Regarding mechanisms of tumorigenesis, chronic inflammation has been linked to the initiation and progression of MPM. Inhalation of asbestos fibers results in a response characterized by recruitment of macrophages and neutrophils, production of pro-inflammatory cytokines, cell proliferation and angiogenesis [3]. As result, MPM is characterized by a low mutational burden and a genomic landscape dominated by inactivation of several tumor suppressors genes, such as cyclin-dependent kinase inhibitor 2A (CDKN2A), BRCA1 associated protein (BAP1) and neurofibromatosis 2 (NF2) [4].

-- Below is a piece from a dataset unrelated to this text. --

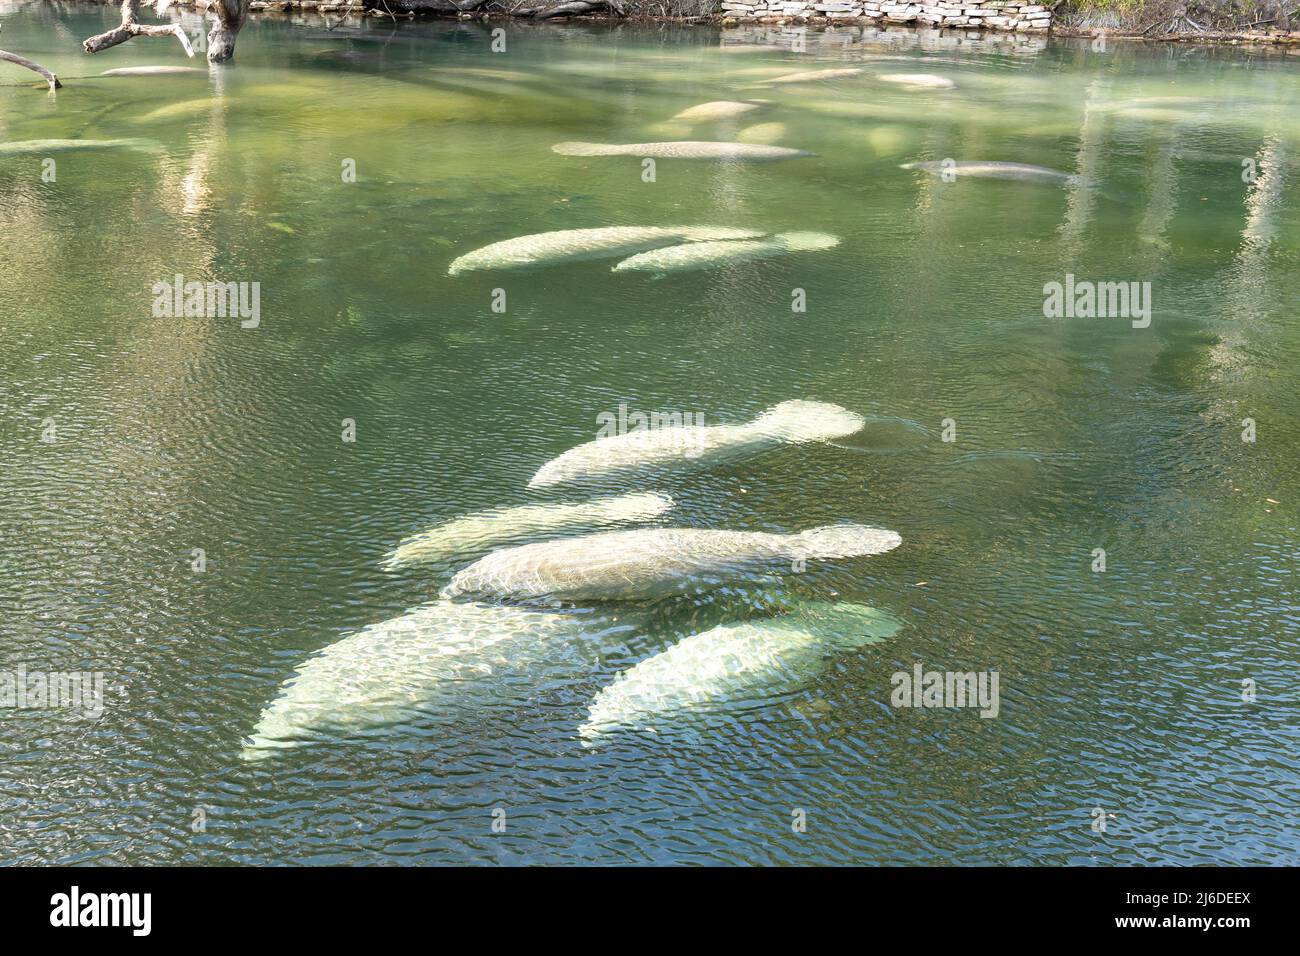 Un troupeau de lamantins de Floride (Trichechus manatus latirostris) nageant dans l'eau de source cristalline du parc national Blue Spring en Floride, aux États-Unis Banque D'Images

So far, radiological screenings have not proven to be effective for detecting early MPM among asbestos-exposed subjects [5]. Also differential diagnosis of MPM is sometimes very difficult. A wide tissue immunohistochemical staining, including mesothelioma-associated markers as Wilms tumor-1 (WT-1), calretinin, cytokeratin5/6 (CK5/6) and podoplanin is required for diagnosis and differentiation from pulmonary carcinoma or metastasis from other tumors [6, 7]. Since sarcomatoid histotype often does not express these markers and most commonly only stains for pan-Cytokeratin, GATA binding protein 3 (GATA-3) has been proposed as sensitive and specific biomarker for distinguishing sarcomatoid mesothelioma from sarcomatoid carcinoma of the lung [8]. Finally, BAP1 immunostaining and CDKN2A/p16 fluorescence in-situ hybridization (FISH) in effusion cytology specimens are useful in distinguishing malignant from benign mesothelial proliferation, although BAP1 and p16 are not deleted or lost in all MPM tumors [9]. In particular, BAP1 is the most commonly mutated gene in MPM and loss of nuclear staining occurs in more than 60% of tumors [10], while homozygous deletion of CDKN2A is seen in 70% of epithelial MPM [11, 12].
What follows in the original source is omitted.